The qcow disk image format permits disk space allocation to grow only as needed, meaning the use of space is always as efficient as possible. Changes to a qcow read-only image can be saved to a separate file, which refers internally to the original image. qcow2 added the ability to create multiple image snapshots.

We’re now ready for step two. Here’s how we’ll build our VM:

# kvm -name my-VM \
-hda /home/username/myimages/my-disk.img \
-cdrom /home/username/Downloads/ubuntu-16.04-server-amd64.iso \
-boot d -m 1024

A new SDL window will often (although not necessarily for all distributions) pop up where you can complete the operating system installation process. Regaining control of your mouse from the Qemu terminal requires pressing CTRL+ALT.

To explain: using “kvm” (although the precise command you’ll need for your version may differ), we’ll call our new guest “my-VM”, designate the my-disk.img file as hda (“hard drive a”), point to the location of the operating system ISO (Ubuntu 16.04 server, in this case), and set 1024 MB as the maximum memory alloted to the VM.

By default, KVM will configure your guest for user-level networking (as though the parameters -netdev user,id=user.0 -device e1000,netdev=user.0 were specified).
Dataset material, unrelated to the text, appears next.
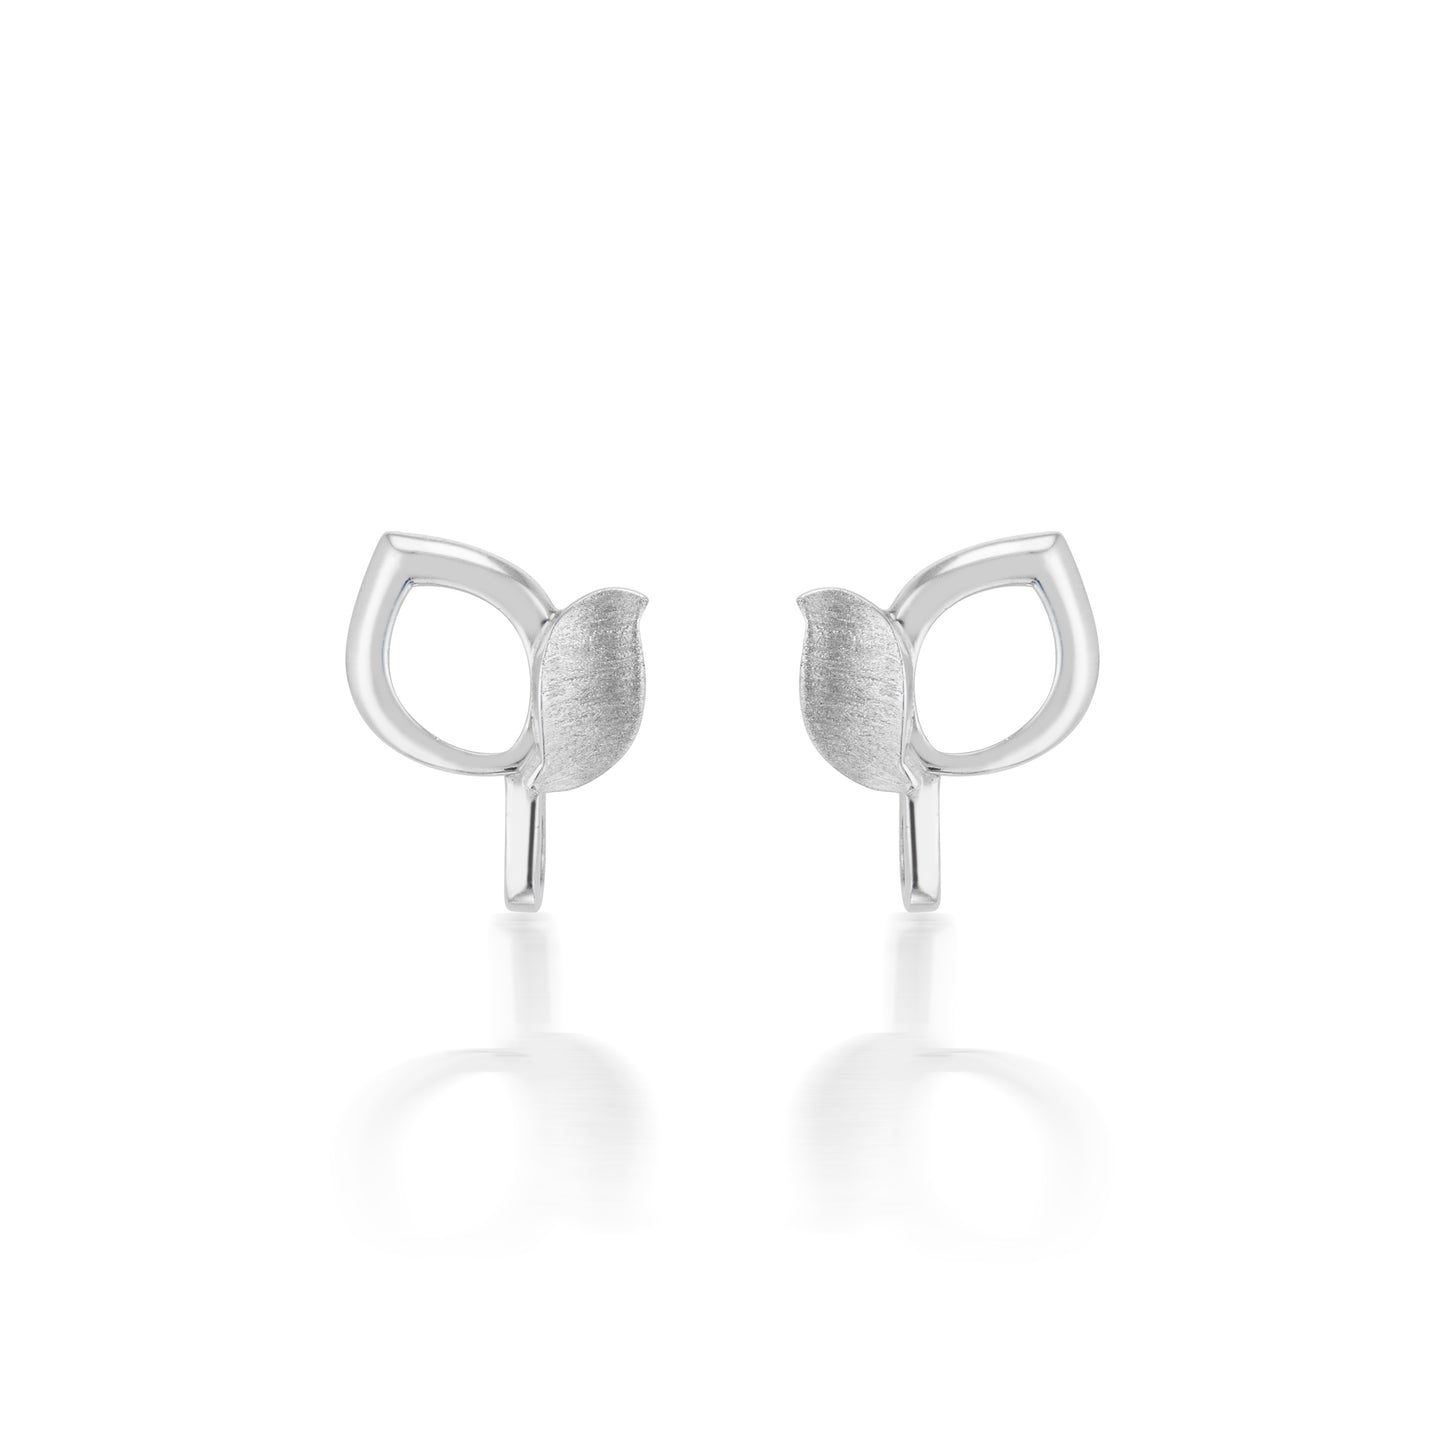 Bloom Stud Earrings in Sterling Silver

This will provide the guest with an IP address through KVM’s own DHCP service and access to your host, the Internet, and to LAN-based recourses. While the default configuration is simple, it may be overly restrictive for some scenarios, as there are often some performance and feature limitations.

Besides these, you can use command line flags to control various VM configuration parameters, including:

-smp 2 provides two processors (“smp” = symmetric multiprocessing).
The -net argument (example: -net nic,model=virtio,macaddr =52:54:00:05:11:11) establishes a network connection for your guest.
You can provision a network bridge using something like -net bridge,vlan=0,br=br0 — although this will require a matching -net definition on the host. The two are connected through a special “vlan” parameter.
-balloon virtio will allow me to expand or reduce a guest’s memory size without having to reboot it.
You can also use the -drive file= flag to define additional block storage devices. Adding a value for format= (qcow2, for instance).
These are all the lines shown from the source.